■ **Try it**
Write out, from the entries below, exactly the lines that run between the lines holding "GRAFIK Deutsche Bahn Baukorridore Feb 2018" and "Maje N Black skirt for Women 3 0-5", inclusive, and stop there.

■ **Records for this task**
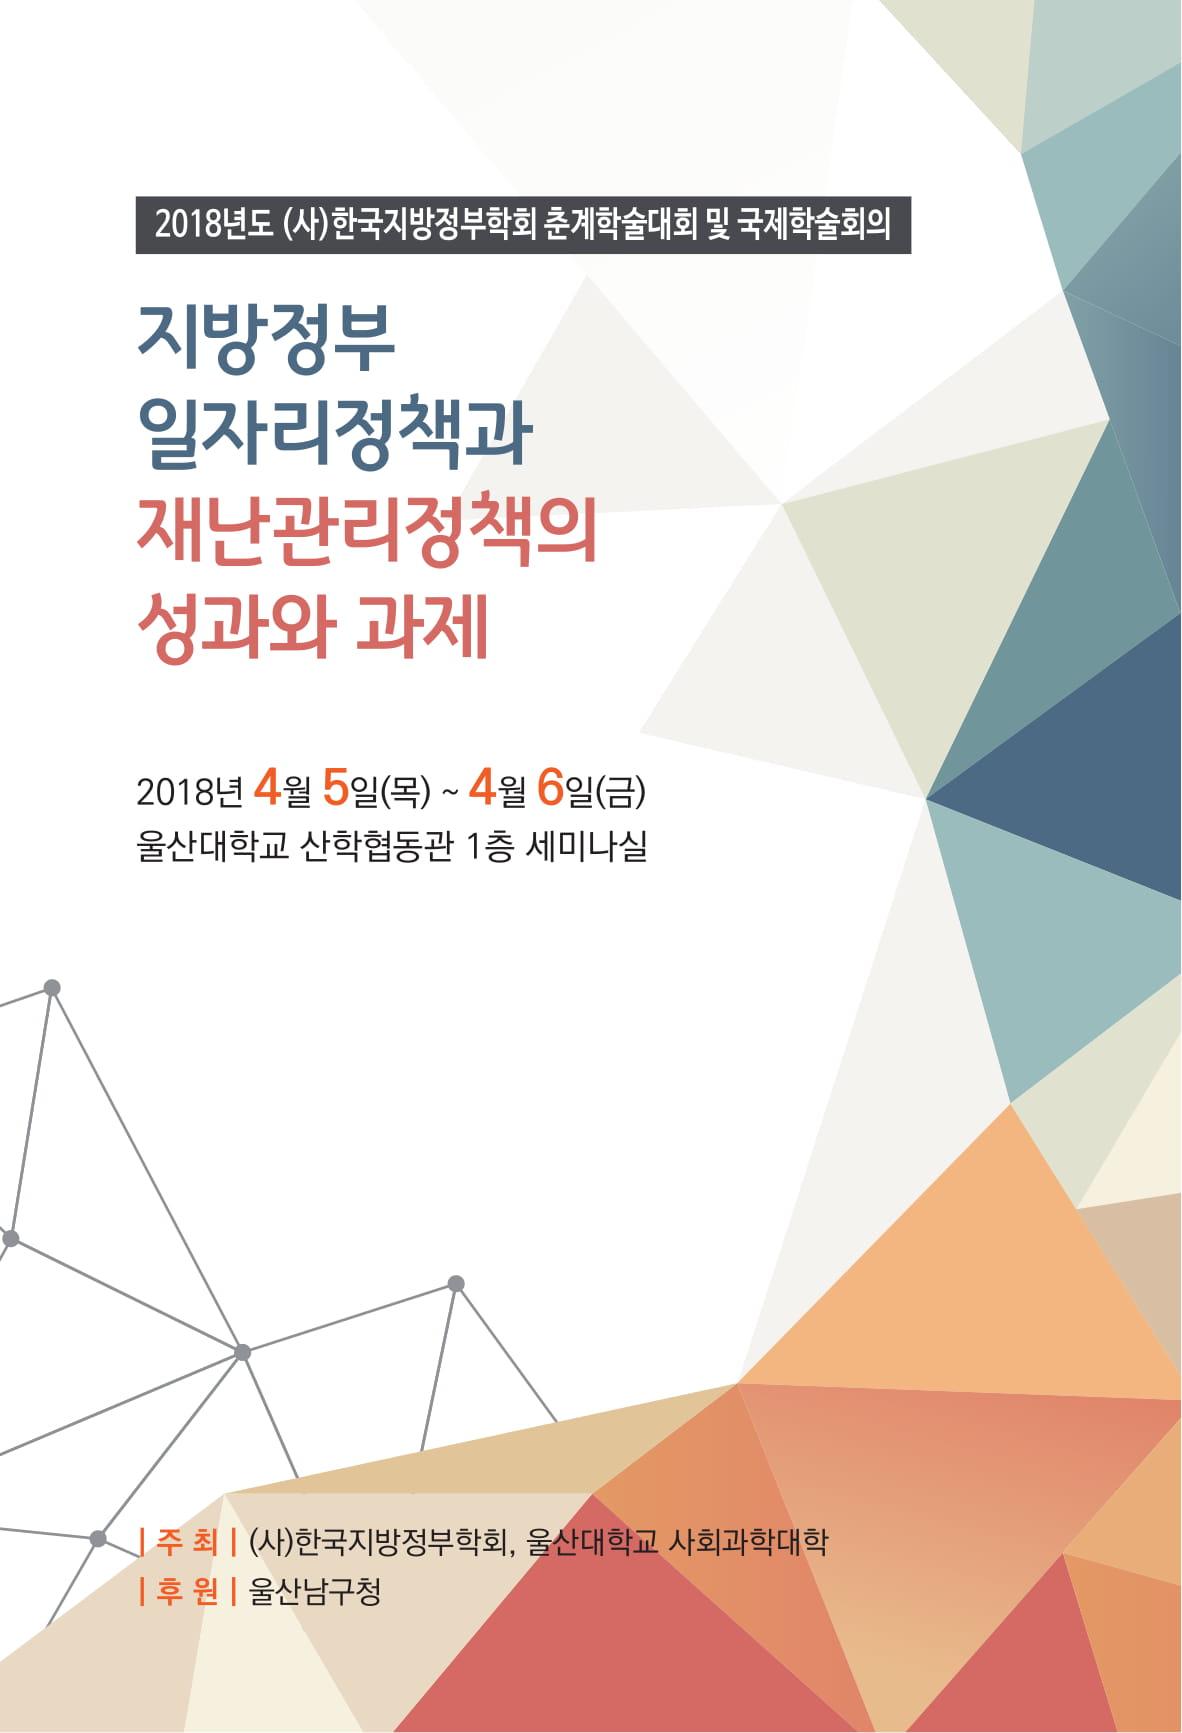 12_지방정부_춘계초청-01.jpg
...
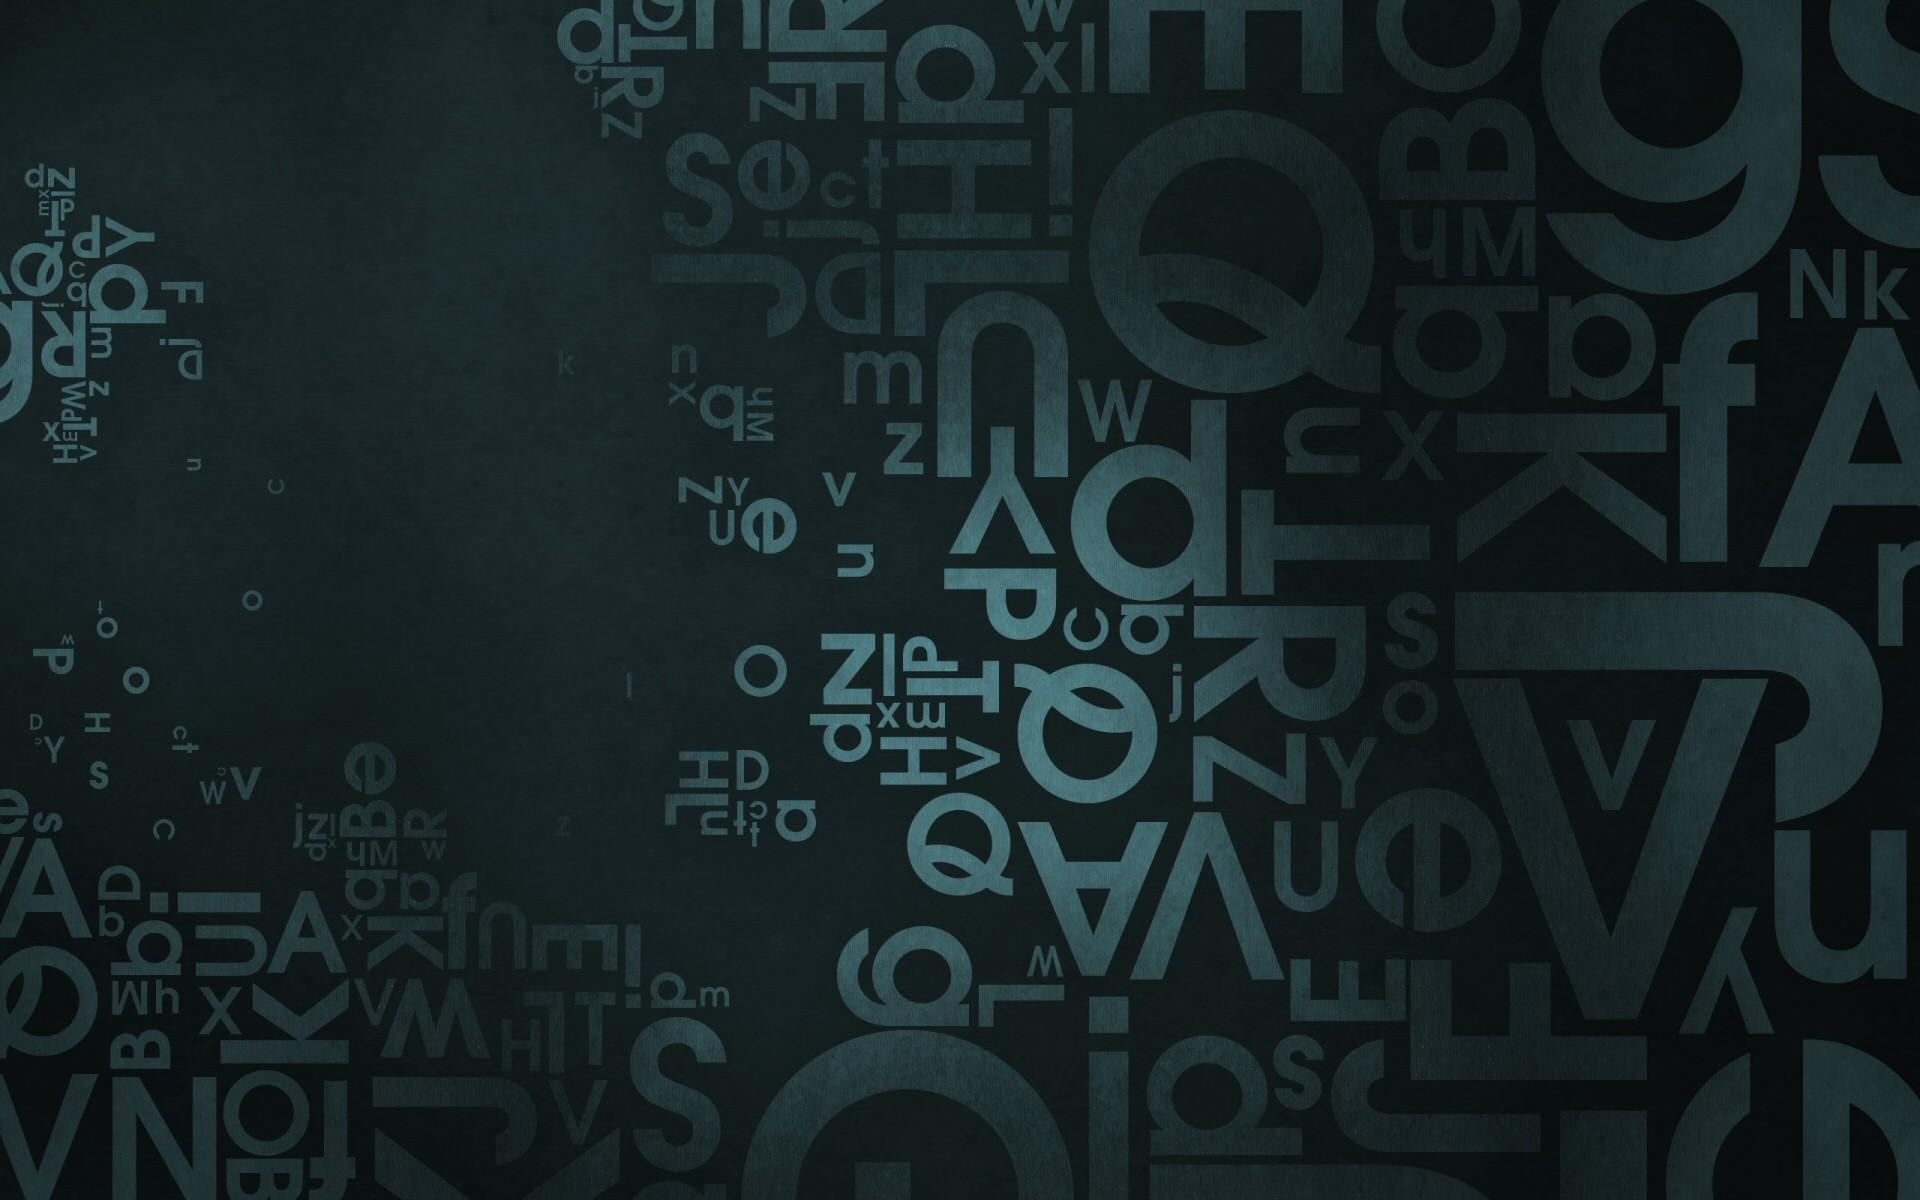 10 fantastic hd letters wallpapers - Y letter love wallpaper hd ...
* * *
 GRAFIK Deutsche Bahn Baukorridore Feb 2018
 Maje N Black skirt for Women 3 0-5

■ **Output for this task**
 GRAFIK Deutsche Bahn Baukorridore Feb 2018
 Maje N Black skirt for Women 3 0-5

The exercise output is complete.